Set down the full listing exactly as given. Any pictures are to be left out.

* [Provided data]:
* * * * * * *

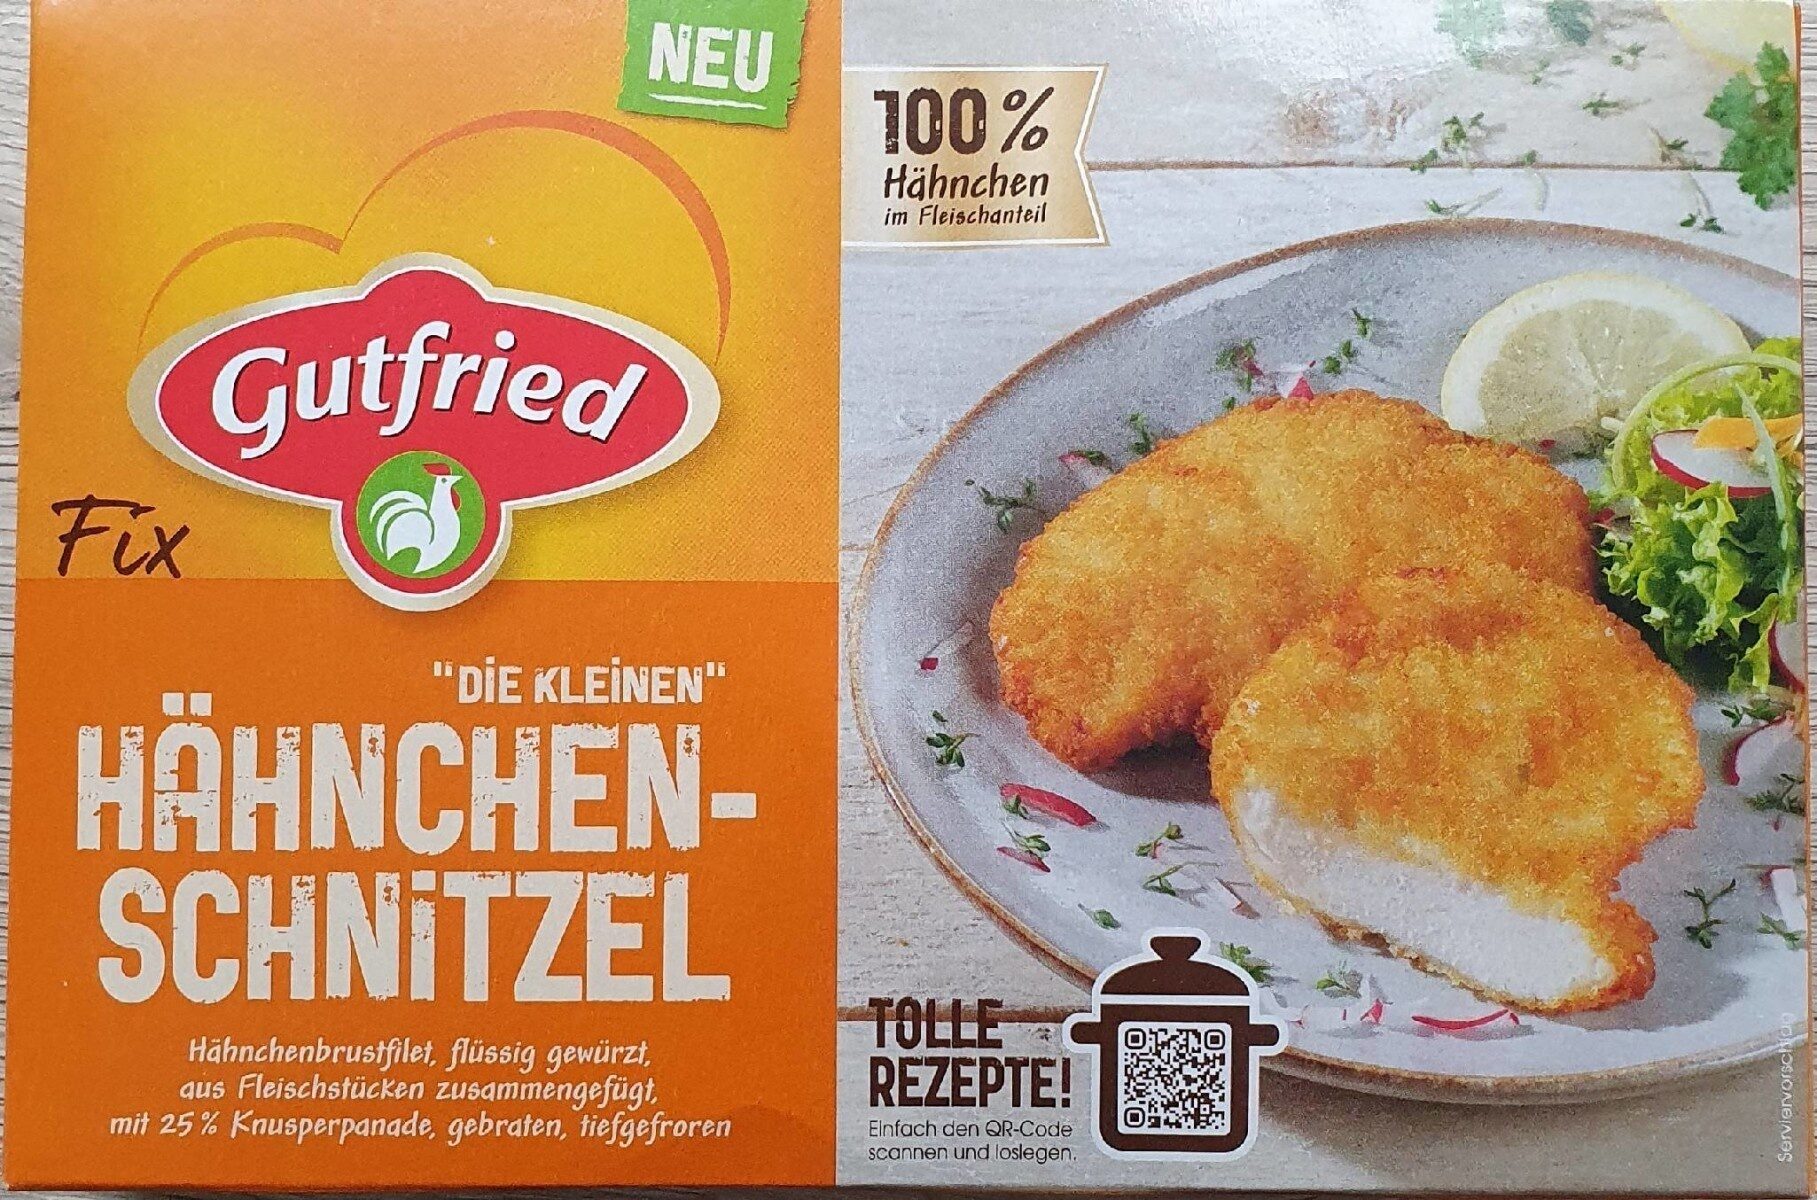 Hähnchen-Schnitzel - Produkt
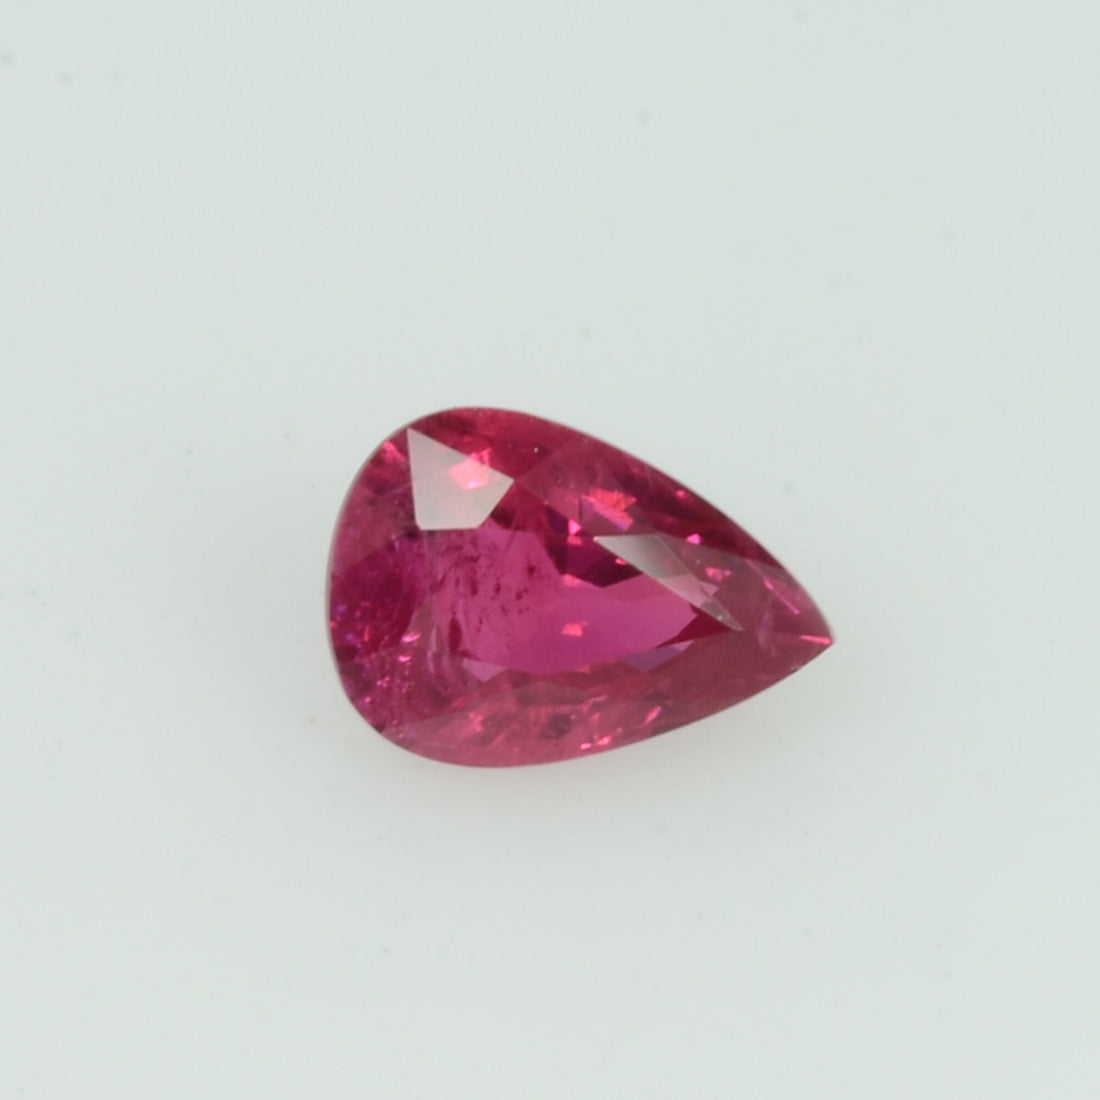 0.44 cts Natural Vietnam Ruby Loose Gemstone Pear Cut
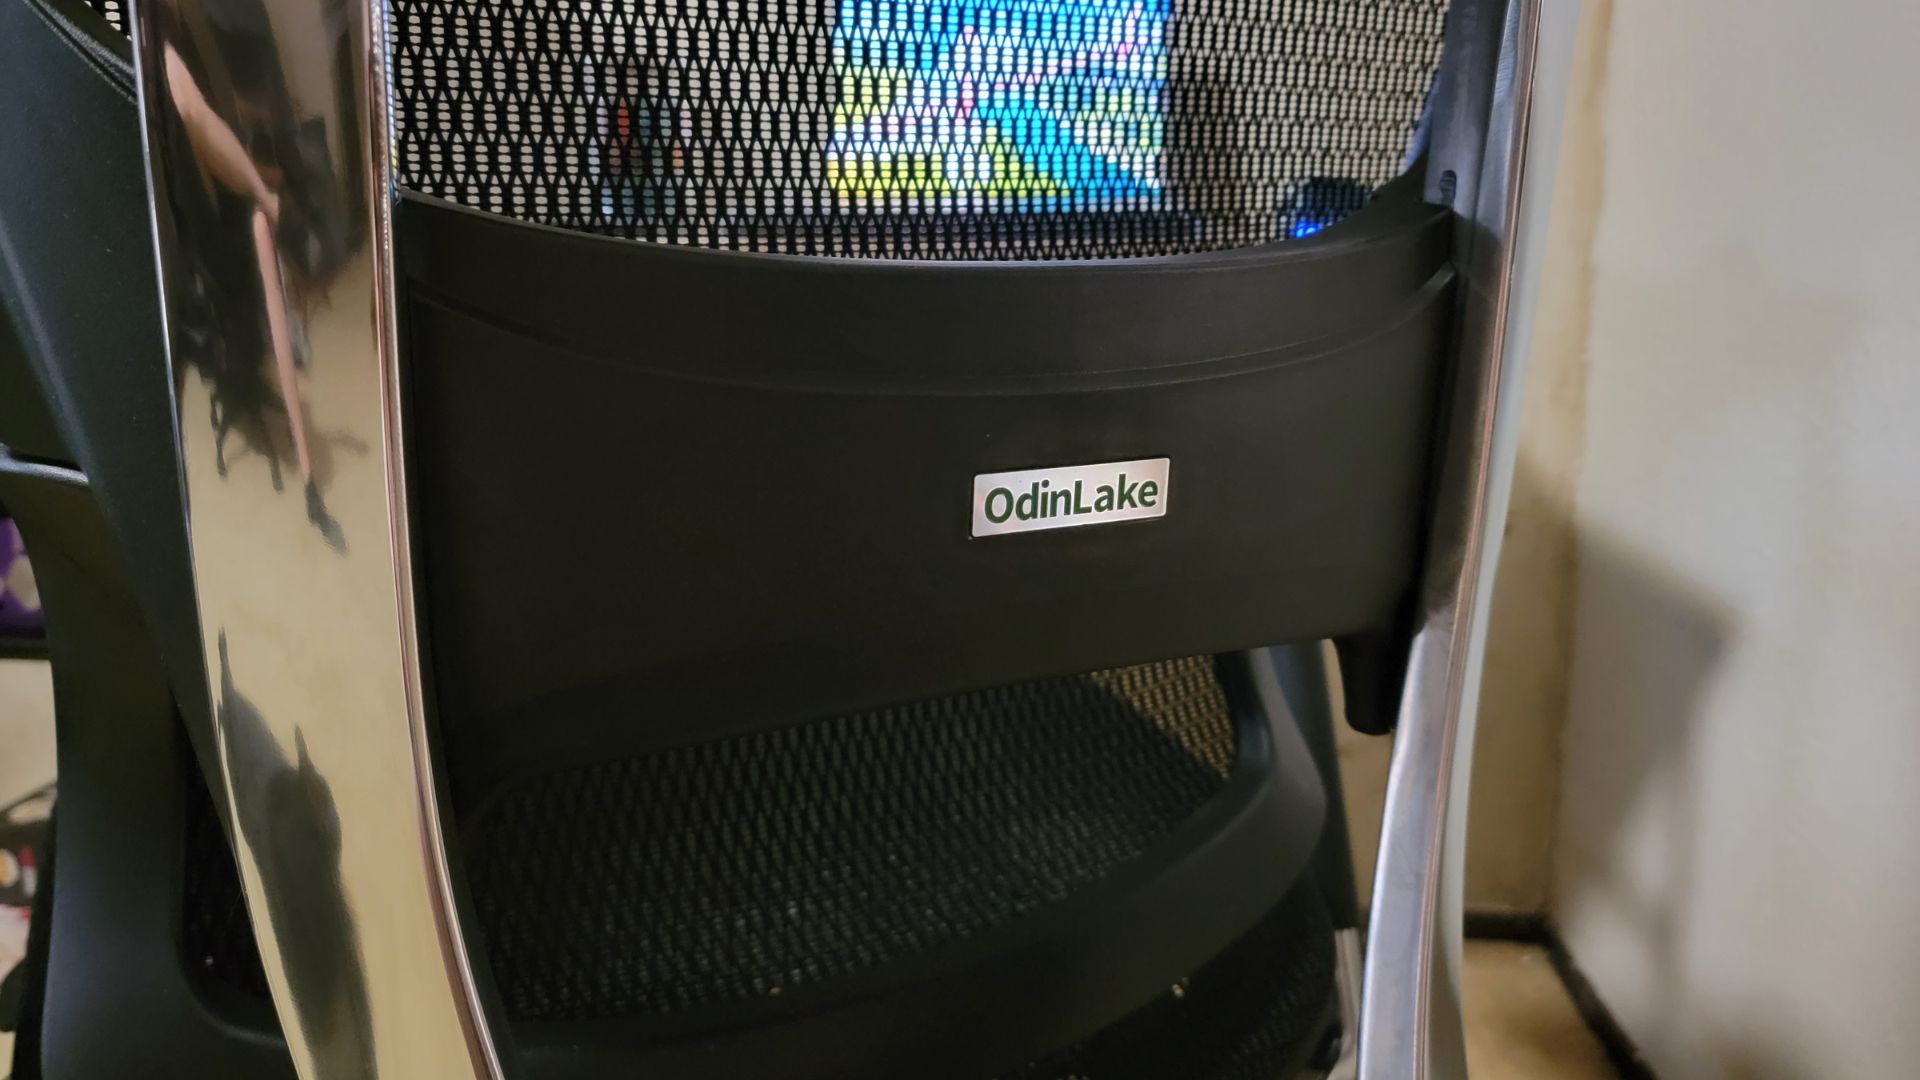 OdinLake Ergo Plus 743 ergonomic chair rear frame and logo

* * * * * * *

* [Exercise result]:
 Hähnchen-Schnitzel - Produkt
 0.44 cts Natural Vietnam Ruby Loose Gemstone Pear Cut
 OdinLake Ergo Plus 743 ergonomic chair rear frame and logo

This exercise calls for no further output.